Lack Of Research On Medical Marijuana Leaves Patients In The Dark : Shots - Health News : NPR

By the time Ann Marie Owen, 61, turned to marijuana to treat her pain, she was struggling to walk and talk. She was also hallucinating.

For four years, her doctor prescribed a wide range of opioids for transverse myelitis, a debilitating disease that caused pain, muscle weakness and paralysis.

The drugs not only failed to ease her symptoms, they hooked her.

When her home state of New York legalized marijuana for the treatment of select medical ailments, Owens decided it was time to swap pills for pot. But her doctors refused to help.

"Even though medical marijuana is legal, none of my doctors were willing to talk to me about it," she says. "They just kept telling me to take opioids."

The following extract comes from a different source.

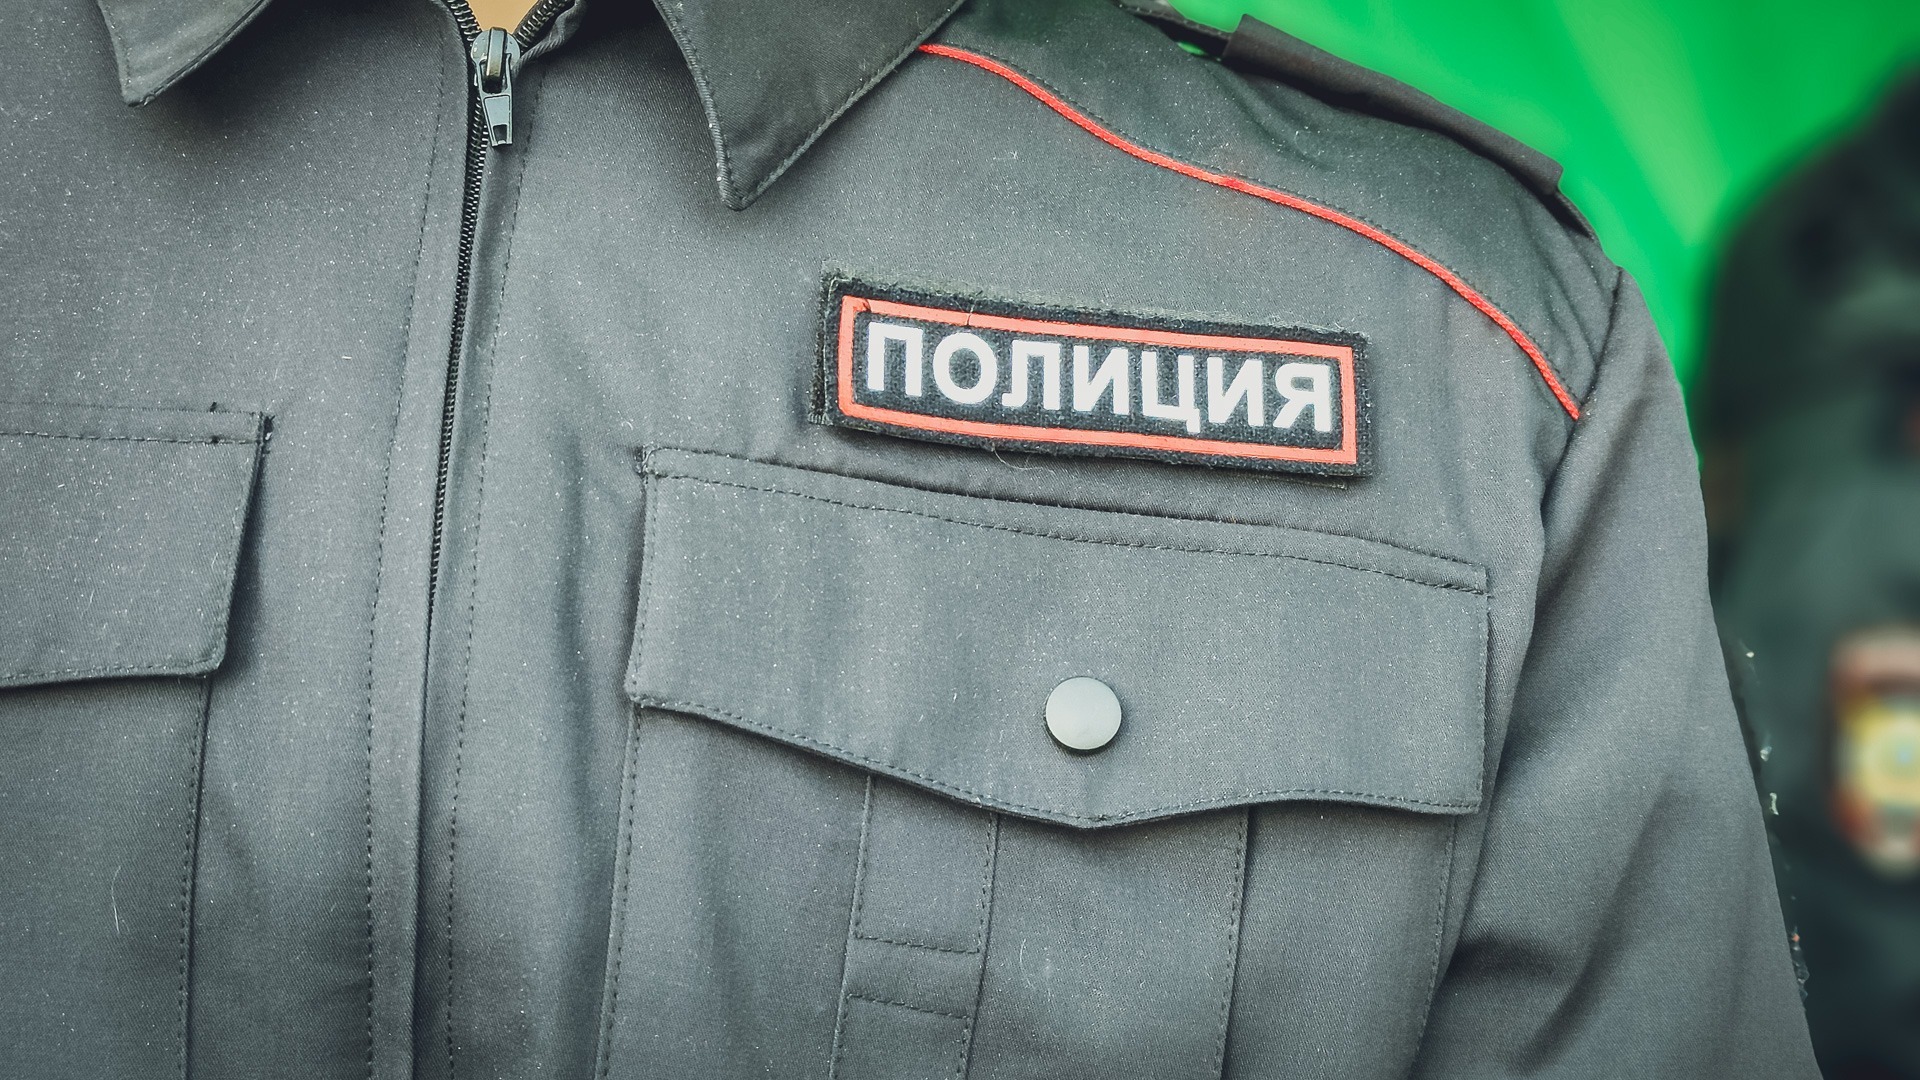 Полицейского в Краснодаре задержали за ремонт служебных гаджетов за деньги

Although 29 states have legalized marijuana to treat pain and other ailments, the growing number of Americans like Owen who use marijuana and the doctors who treat them are caught in the middle of a conflict in federal and state laws — a predicament that is only worsened by thin scientific data.

Because the federal government considers marijuana a Schedule 1 drug, research on marijuana or its active ingredients is highly restricted and even discouraged in some cases.

Underscoring the federal government's position, Health and Human Services Secretary Alex Azar recently pronounced that there was "no such thing as medical marijuana."

Scientists say that stance prevents them from conducting the high-quality research required for FDA approval, even as some early research indicates marijuana might be a promising alternative to opioids or other medicines.

Patients and physicians, meanwhile, lack guidance when making decisions about medical treatment for an array of serious conditions.